WHAT IS NEEDED
Set down the data below word for word, and leave the images aside.

PROVIDED DATA

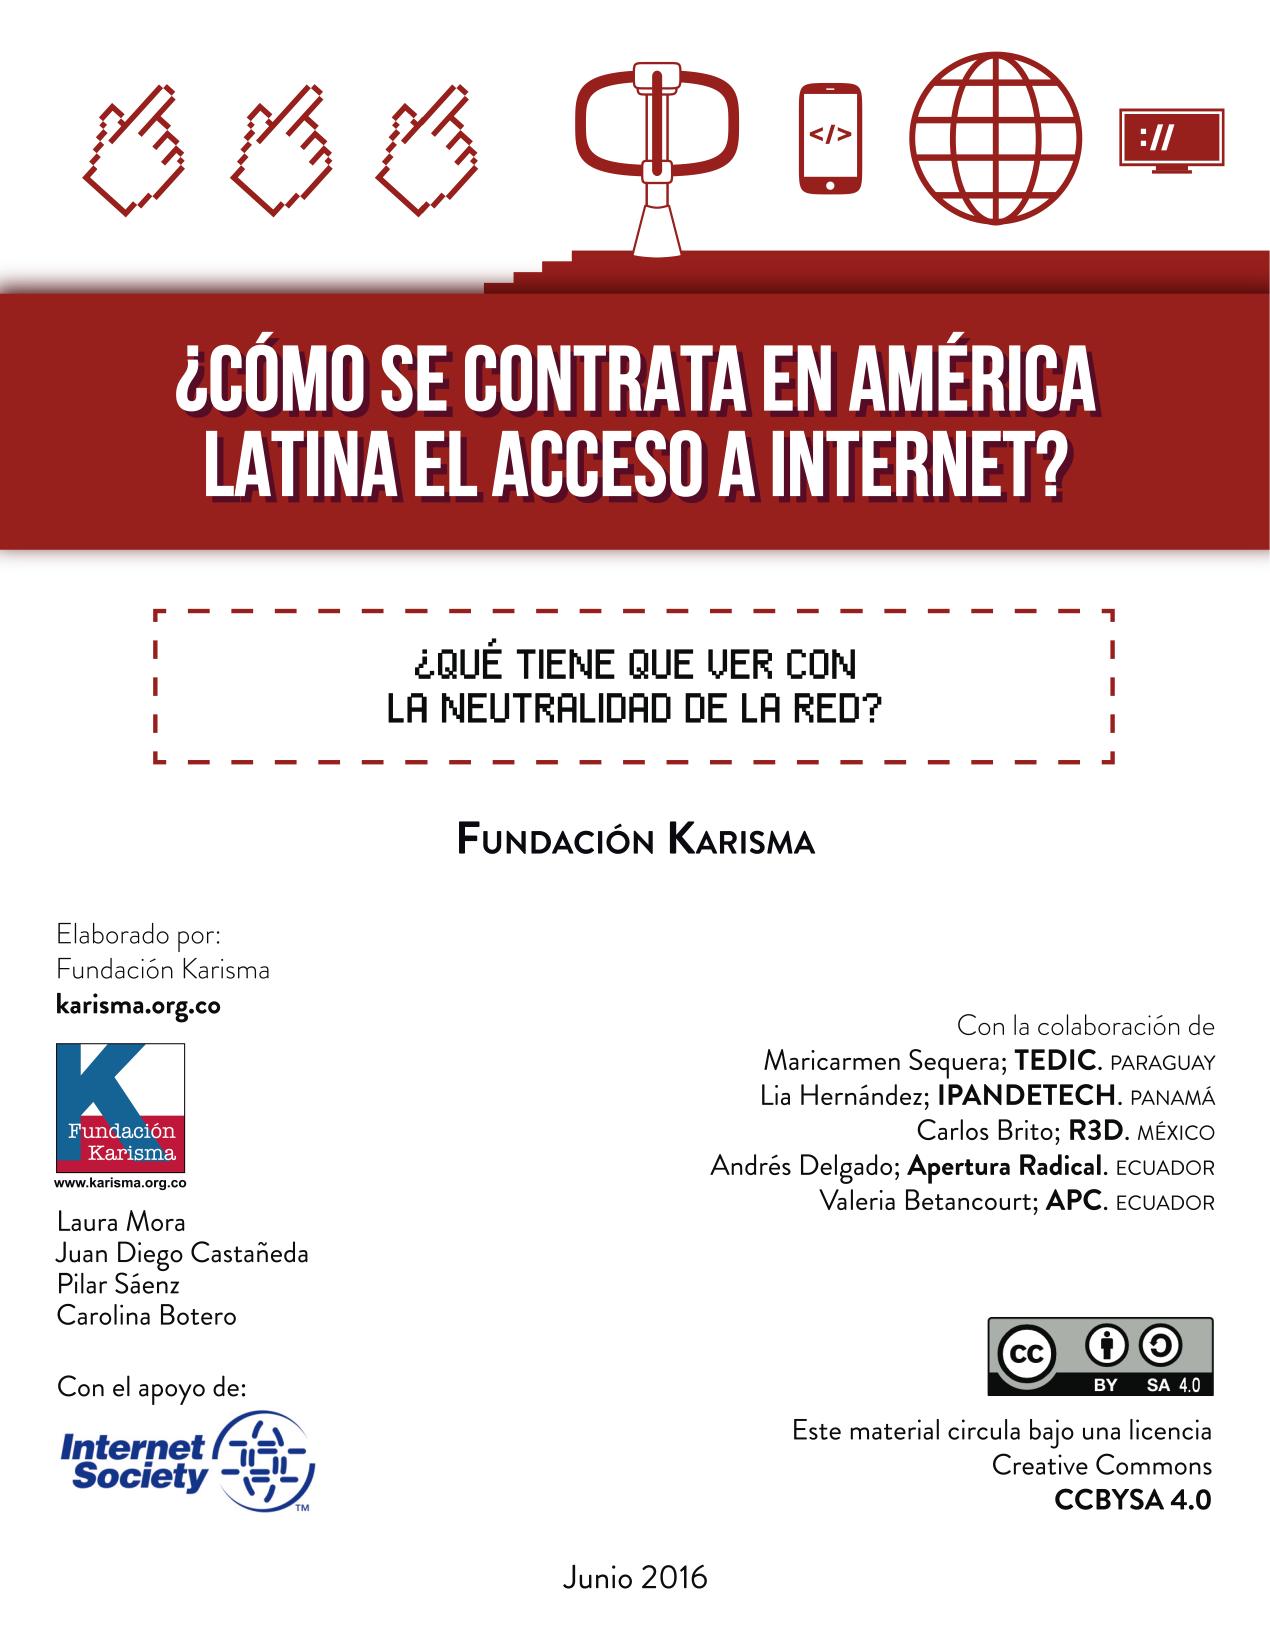 ¿Cómo se contrata el acceso a internet en américa latina? :: ¿qué tiene que ver con la neutralidad de la red?
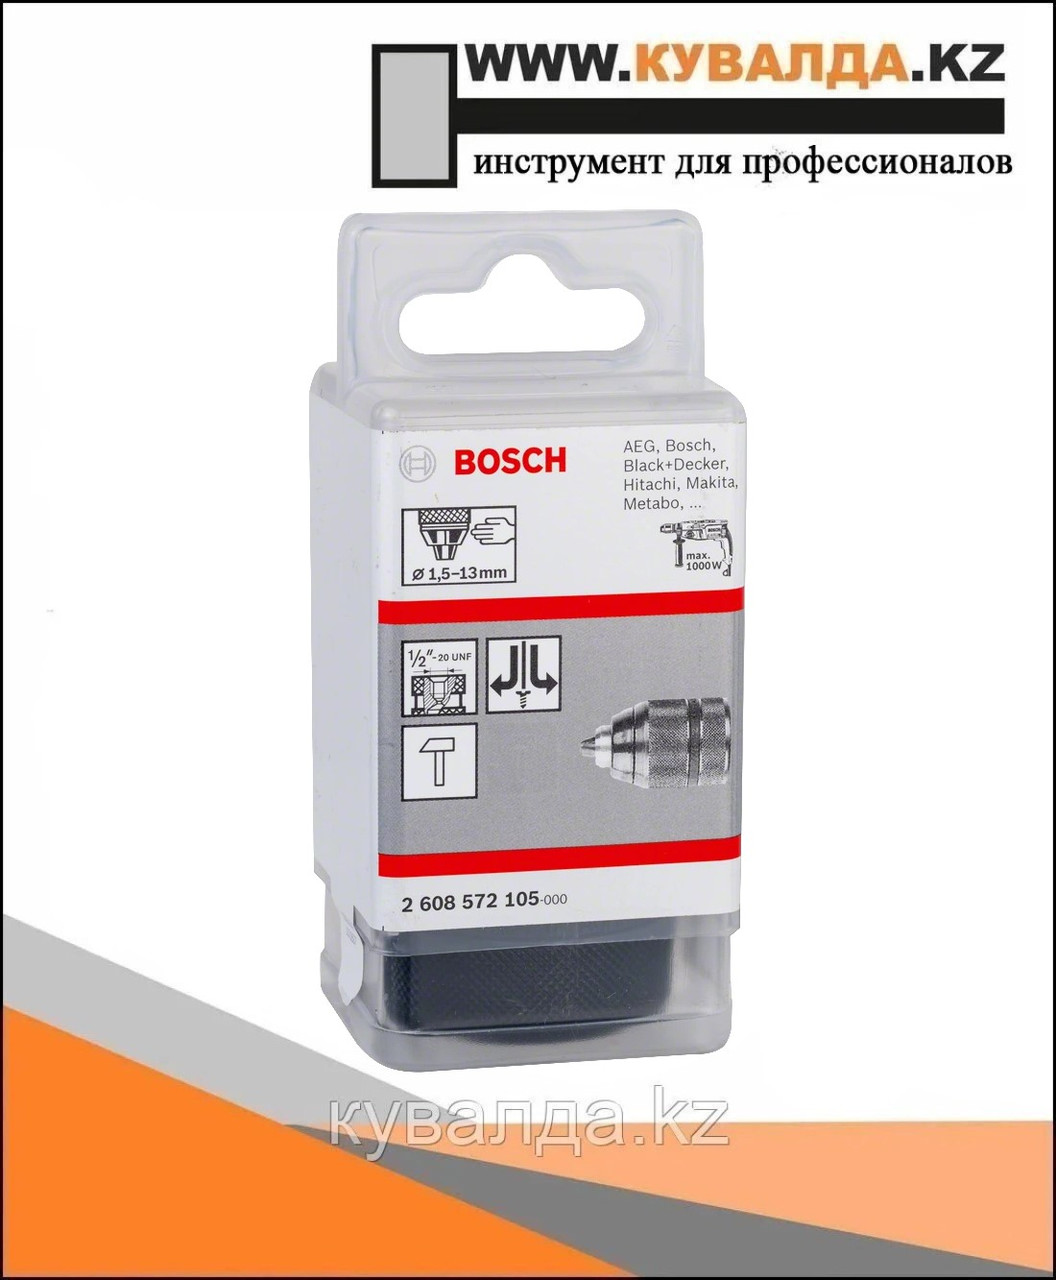 Быстрозажимной патрон Bosch 1.5-13мм 1/2"-20
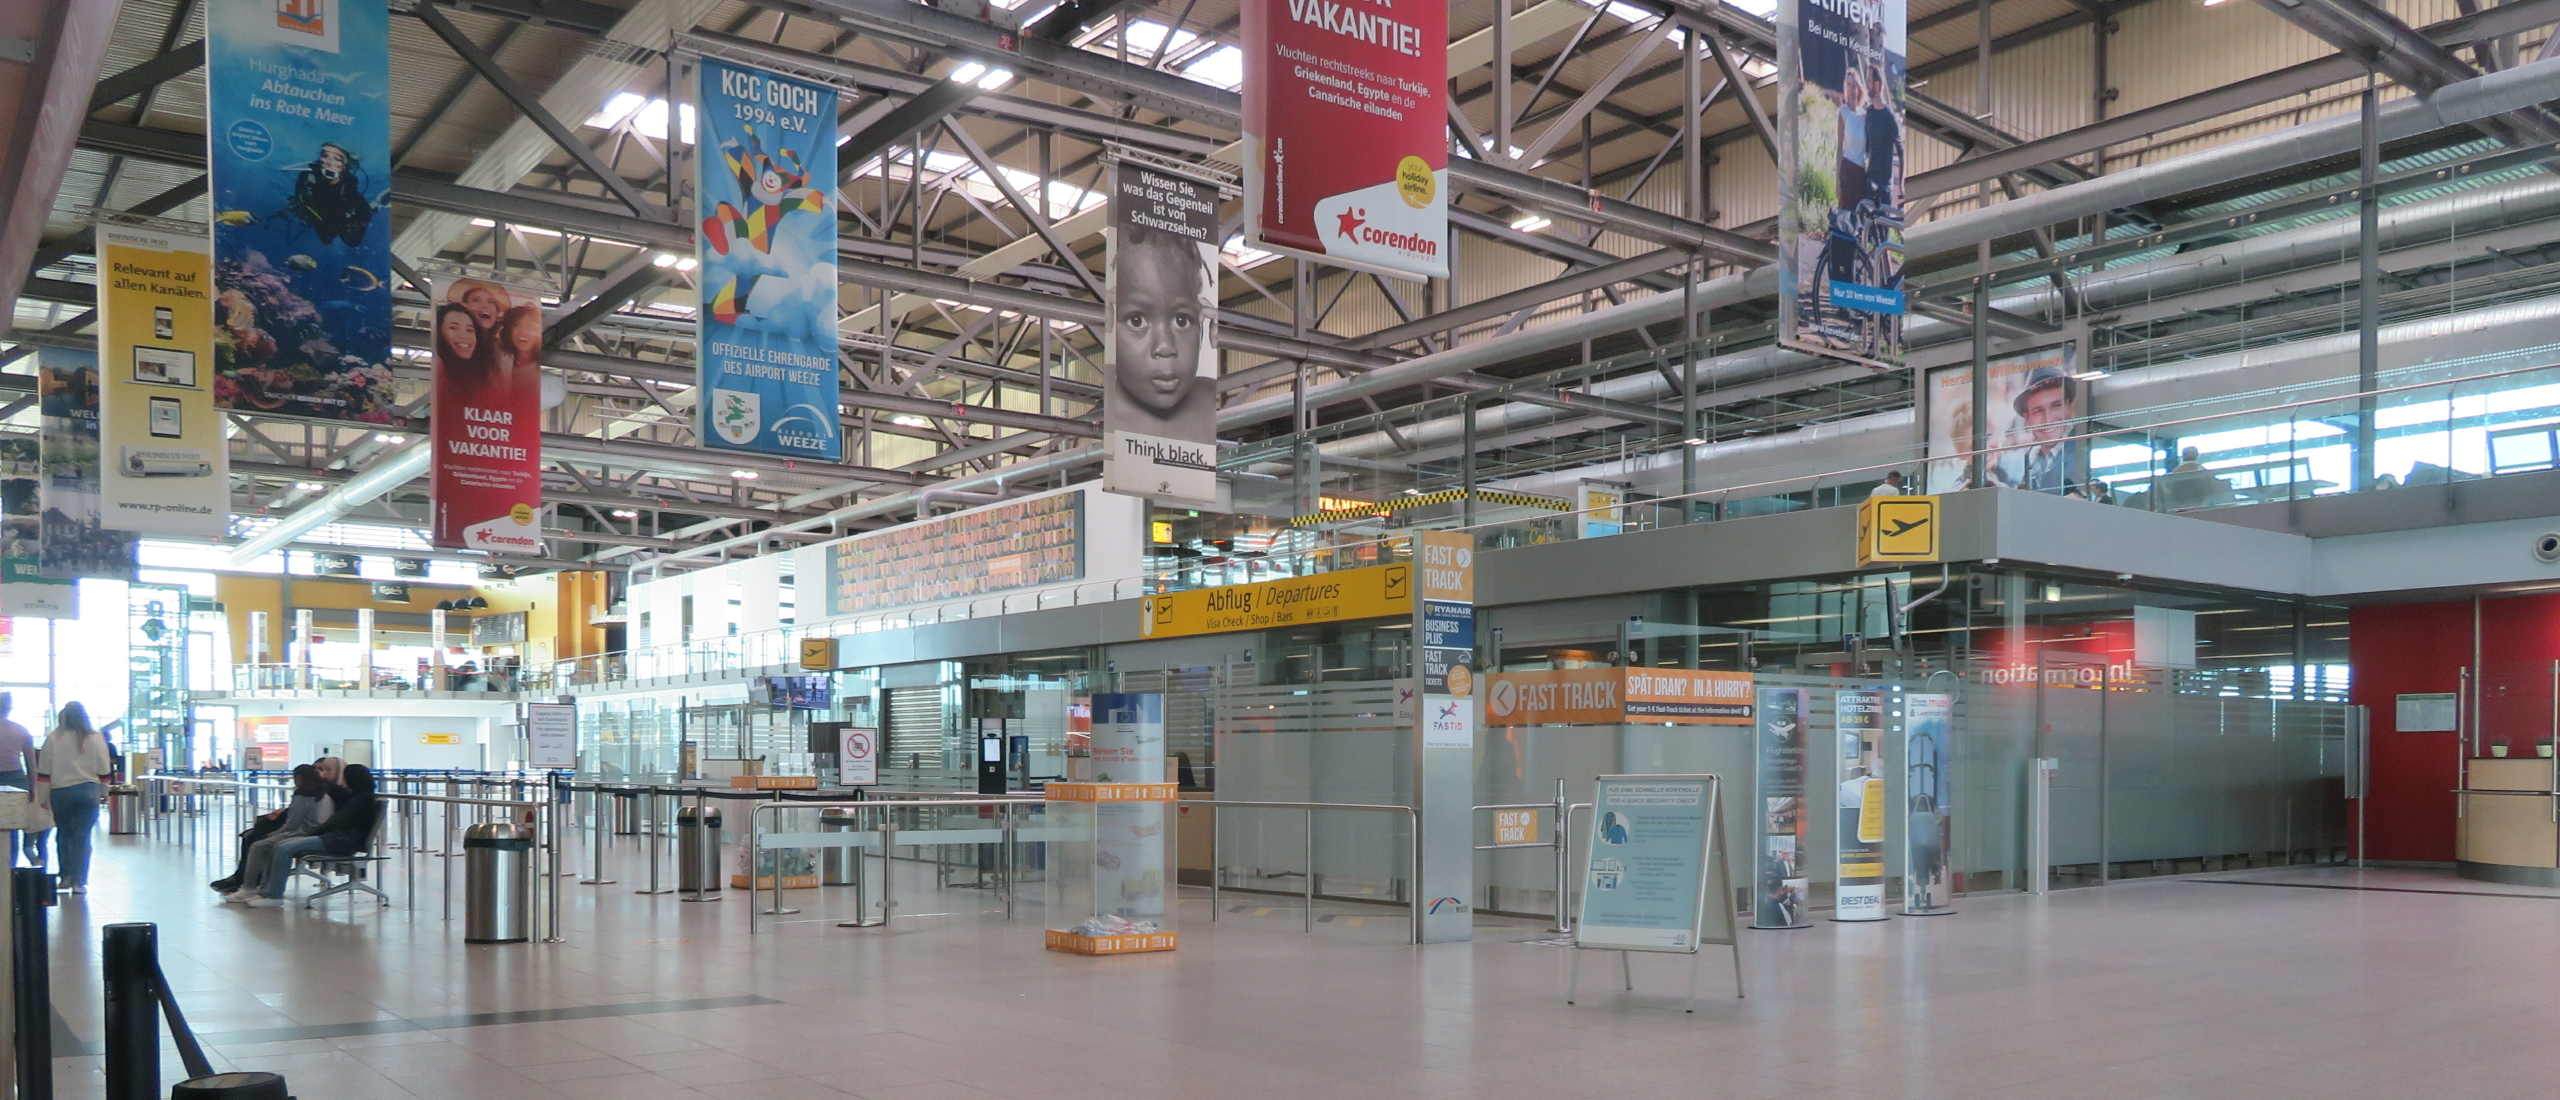 airport-weeze-terminal

RESPONSE TO THE TASK
 ¿Cómo se contrata el acceso a internet en américa latina? :: ¿qué tiene que ver con la neutralidad de la red?
 Быстрозажимной патрон Bosch 1.5-13мм 1/2"-20
 airport-weeze-terminal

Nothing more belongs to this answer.